Godmother and Captain Knutsen's wife


Christened with aquavit

We all returned to the ship and continue the party there until we remembered that the next day would be a long one, on the full day excursion to The Venice of China. 

Leaving Shanghai, I never really could tell when I had left Shanghai.  Amazingly, the high rise apartment complexes never diminished in the 60 miles we traveled to Suzhou.  I couldn’t tell where Shanghai ended and Suzhou began, and if there were any cities in between.  There is no shortage of luxury cars on the spider web of jammed freeways.

Suzhou is the Garden City and the Venice of The East.  Our first stop is at the Suzhou Embroidery Research Institute.  We watch as a couple of master embroiderers work on pieces that will take a thousand hours to complete.  We’re asked not to take pictures and I comply.  Master works are on display.  The best ones are double sided with completely different pictures on the reverse, such as Lady Di with Prince Charles on the other side.  Of course, there was a shopping opportunity at the end of the demonstrations and displays.  The double sided pieces come in rosewood stands that swivel for viewing.  A substantial piece would run about $20,000.  When you consider the number of hours, I guess it’s probably a bargain, and considering that these women generally have to retire at 40 because they can’t see anymore.

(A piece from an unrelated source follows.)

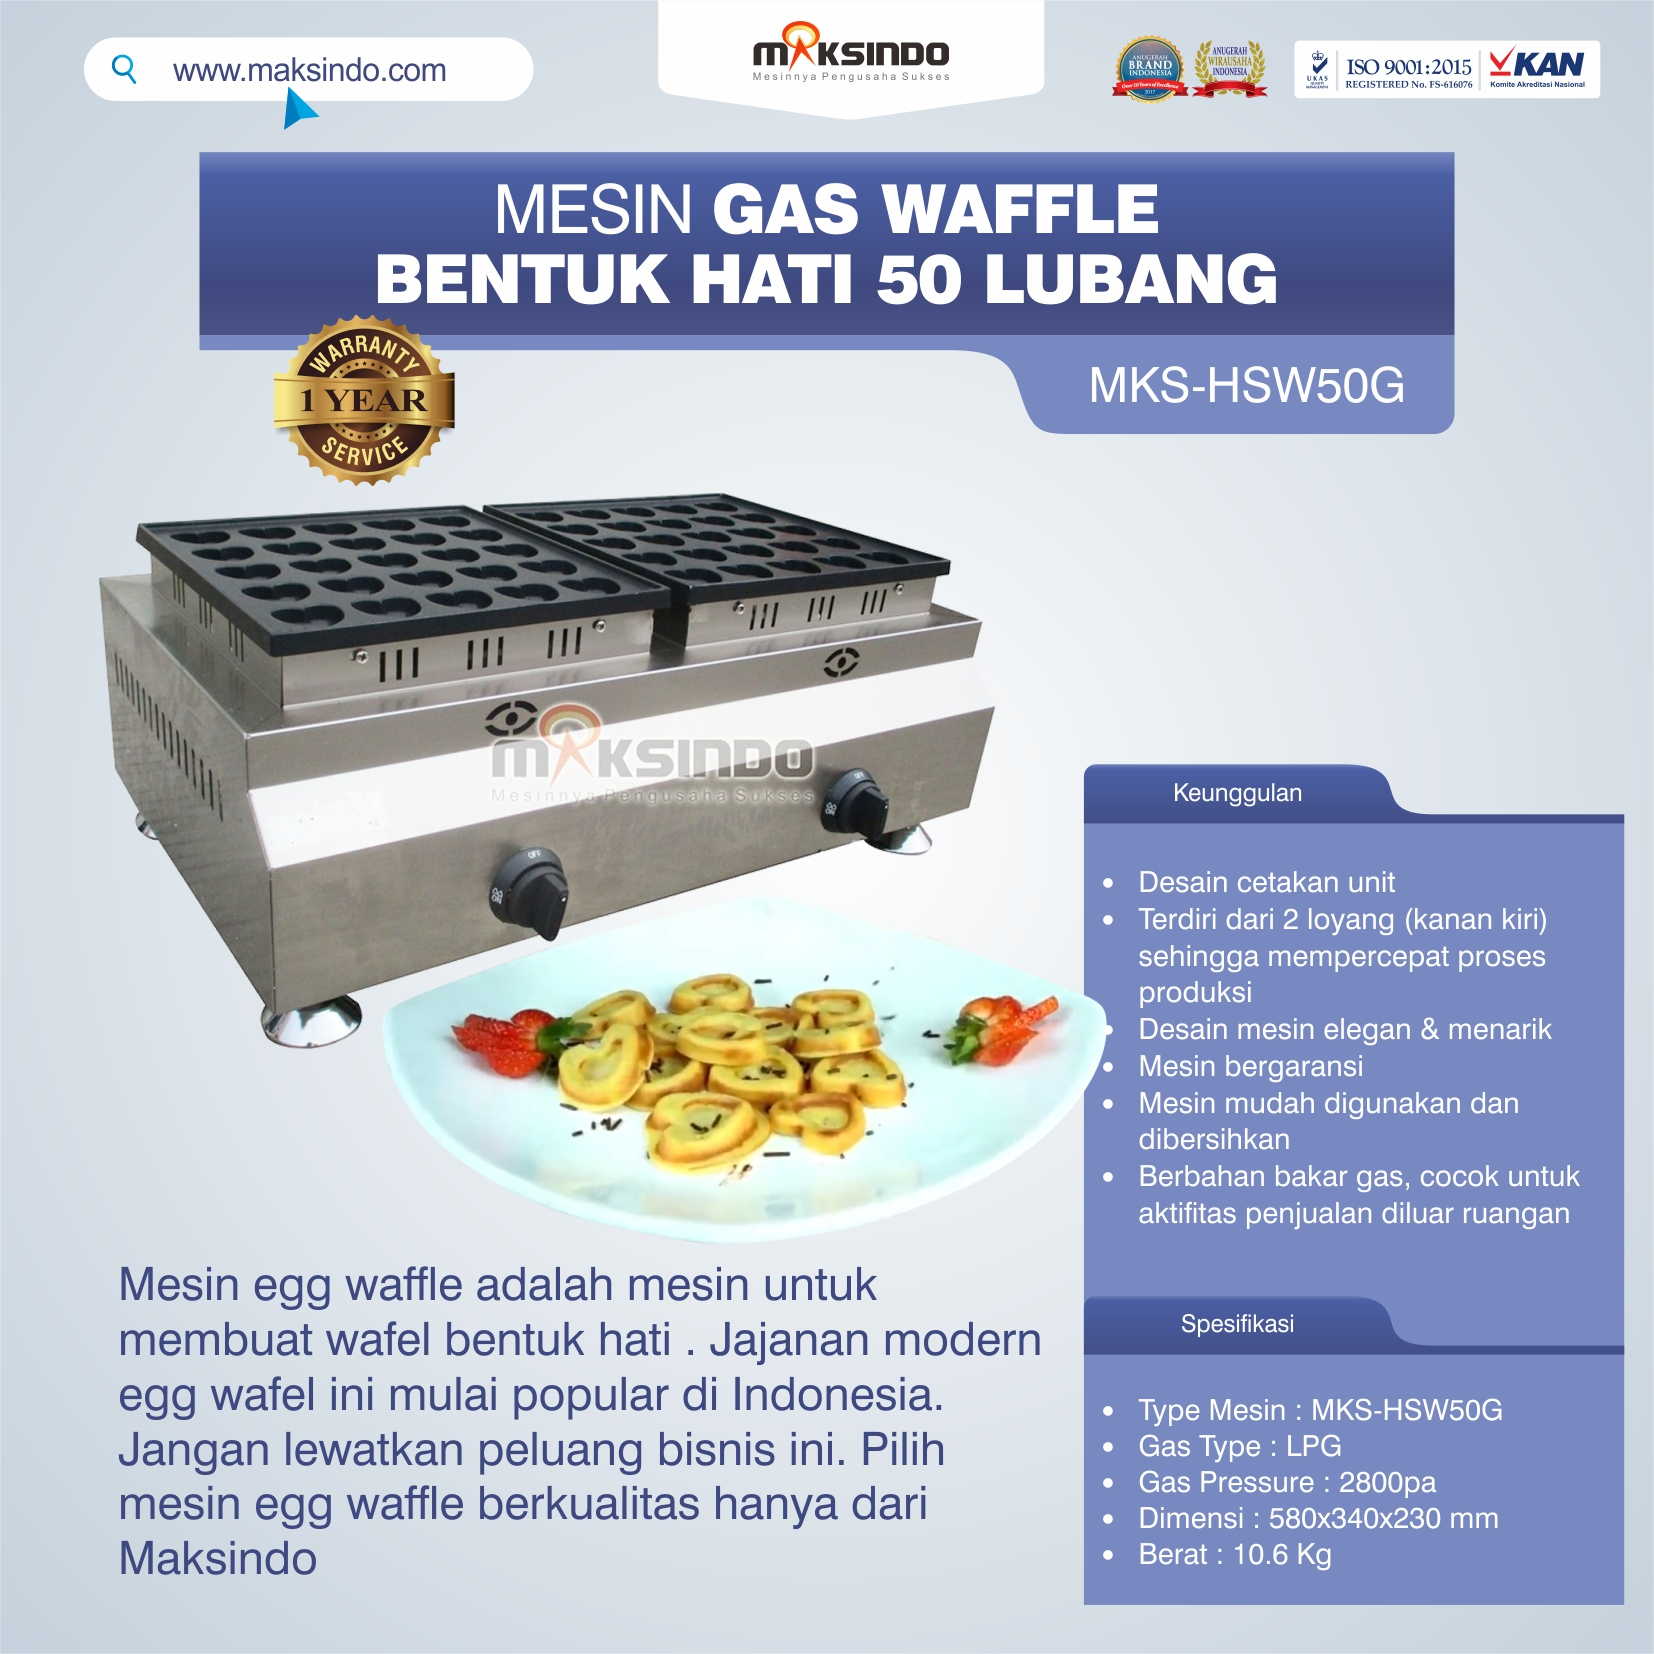 Mesin Waffle Gas Bentuk Hati 50 Lubang MKS-HSW50G

Next, we head to the canals and board boats that hold about 25 each.  I think there are six buses from Viking here this day, so we monopolized all the boats.  Unlike Venice, these canals are strictly used by tourist boats.  No longer are the homes served by water taxis or private boats.  It’s very picturesque as we motor through the canal.  It seems like it must be laundry day and it also seems like all the men wear faded, stretched out, red underwear.











Next we’re taken to the Radisson Hotel where we have a very mediocre lunch, served family style on the typically Chinese round lazy Susan table.  

After lunch we go to The Classical Gardens of Suzhou, which are a UNESCO World Heritage site.  It’s crowded, so it’s hard to get a photo op without masses of people.  Will try to edit them out later.  It’s lovely, but we move slow and probably don’t see half of what there is to see. 



It’s time to get back in the buses and fight the rush hour traffic back to the ship.

That night the sky is clearer than the previous night.  I couldn’t stop taking pictures of the skyline.  In every direction are colorfully lit buildings.  One building is constantly changing its pattern.  Tourist boats on the river are lit and change colors every few minutes.  It’s quite a spectacle. 
I’m so impressed with Shanghai.  It’s clean and organized and prosperous.   

But, mostly it’s all about the LIGHTS. 









1 comment:

  1. That is a very nice light show! Great pictures! Sorry to hear about Bob's foot, hope it doesn't keep him sidelined.